New zircon dating has provided precise ages for volcanic episodes and has revealed inherited zircons that point to the presence of continental crust beneath southeast Java. Modelling suggests that the development of the Kendeng depocentre was closely related to loading by the volcanic arc.

West Java

Research in West Java has focused on the Palaeogene and Early Miocene evolution of the island, including provenance, sediment transport, volcanic input, and onshore-offshore correlation.

Previous interpretations commonly assumed that West Java was underlain by continental crust of Sundaland and that sediment was supplied largely from the north. However, work in both West and East Java has shown that these assumptions need to be tested more critically.

Studies of quartz-rich sandstones indicate that some units thought to be mature sedimentary rocks may actually contain a previously overlooked volcanic component.

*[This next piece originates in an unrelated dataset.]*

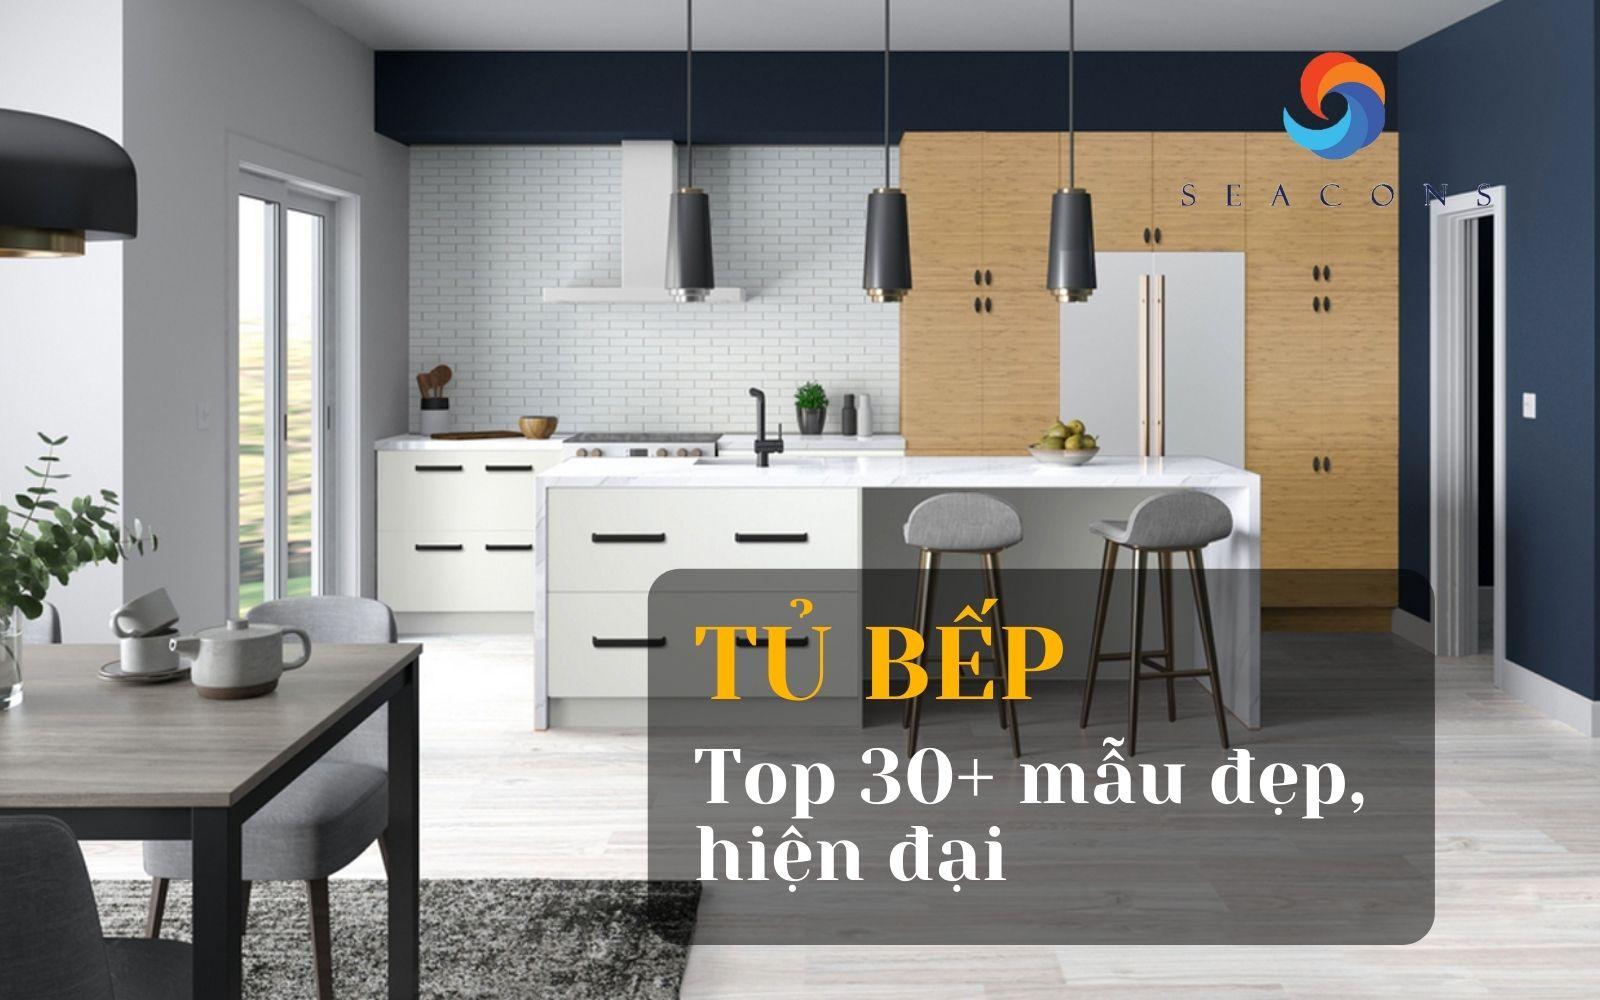 Top 30+ Mẫu tủ bếp đẹp hiện đại nhất cho năm 2021

This has major implications for provenance interpretation, reservoir quality, and basin correlation.

West Java also differs from East Java in basin style, sediment thickness, and carbonate development, suggesting important spatial variation in tectonic setting and basin history across the island.

Provenance and Volcaniclastic Sedimentation

One of the most important outcomes of research in Java has been recognition that volcanic input to sedimentary systems is much more significant than previously appreciated.

Many sedimentary rocks once interpreted as mature, recycled siliciclastics are now understood to contain abundant volcanic material. In tropical volcanic settings, weathering and pyroclastic fragmentation can produce sediments that appear texturally mature, even when they are closely linked to volcanic sources.

This means that standard provenance and maturity diagrams must be applied with caution in Java. Research combining petrography, SEM, XRD, heavy mineral analysis, and zircon dating has been critical in identifying these volcaniclastic contributions and refining models for sediment transport and basin fill.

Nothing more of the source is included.